When word reached Saul, David was summoned to the king’s tent. Saul looked at the young shepherd and dismissed him as unqualified. But David replied with testimony, not arrogance: he had fought lions and bears to protect his sheep, and each time “the Lord who saved me from the paw of the lion and the bear will save me from the hand of this Philistine.” David’s confidence wasn’t self-reliance—it was faith rooted in God’s past faithfulness.
As David stood before Goliath, the contrast was stark. Goliath boasted in his weapons; David trusted in God. “You come to me with sword and spear and javelin,” David declared, “but I come to you in the name of the Lord of hosts.” Seven times, Pastor Dave noted, David referenced the Lord in this moment—because this was the point of the story. “It’s not my battle,” David was saying, “it’s the Lord’s.”

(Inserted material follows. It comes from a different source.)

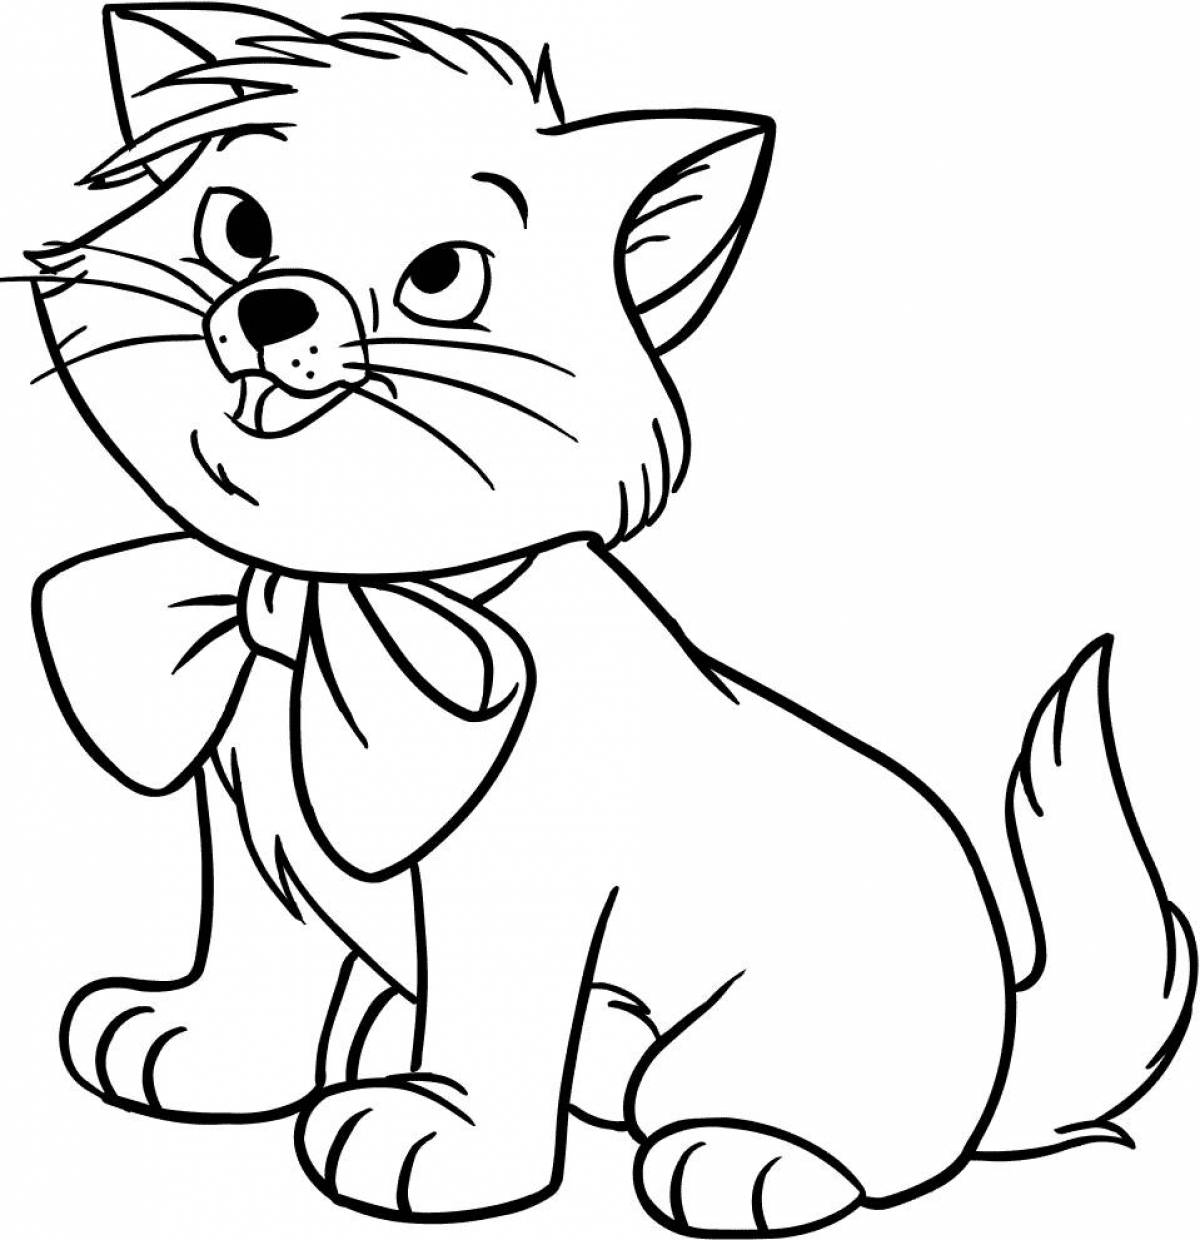 Energetic cats coloring pages for kids

With one stone, slung at remarkable speed, David struck down Goliath. The victory came not through strength but through weakness—not because David was the hero, but because God fought the battle for him.
Pastor Dave then shared how this story has often been used as a motivational rallying cry, especially in youth camps or spiritual highs: “Go kill your giants! Defeat your fears!” But, he said, “what happens when you go home and your anxiety is still there? When your struggles don’t just disappear?” The gospel doesn’t tell us to become David. “The gospel never says you can overcome your shame or defeat your sin on your own,” he said. “The point is that we are Israel—and we need a David to fight for us.”
That David, Pastor Dave said, is Jesus. “When our Goliaths have created distance between us and God, God doesn’t send a pep talk. He sends a champion.” Quoting from Luke 4, he described how Jesus came to proclaim good news to the poor, freedom for the prisoners, and sight for the blind. “He fights the battle for you so you can walk in freedom,” he said. “He wins the victory we could never win.”
The message ended with an invitation: to stop trying to be David and start fixing our eyes on the true King. “Whatever has you paralyzed with fear,” he said, “stop trying to clean yourself up and get yourself ready. Fix your hope on the One who’s already fighting for you.”
Jesus may not be the hero we expect, but He’s the one we need—the one who changes us from the inside out. “He will make you a fighter,” Pastor Dave said, “because you’ll understand what it means to be fought for.”
And that’s the gospel truth at the heart of the story: the battle is the Lord’s, and the victory is His.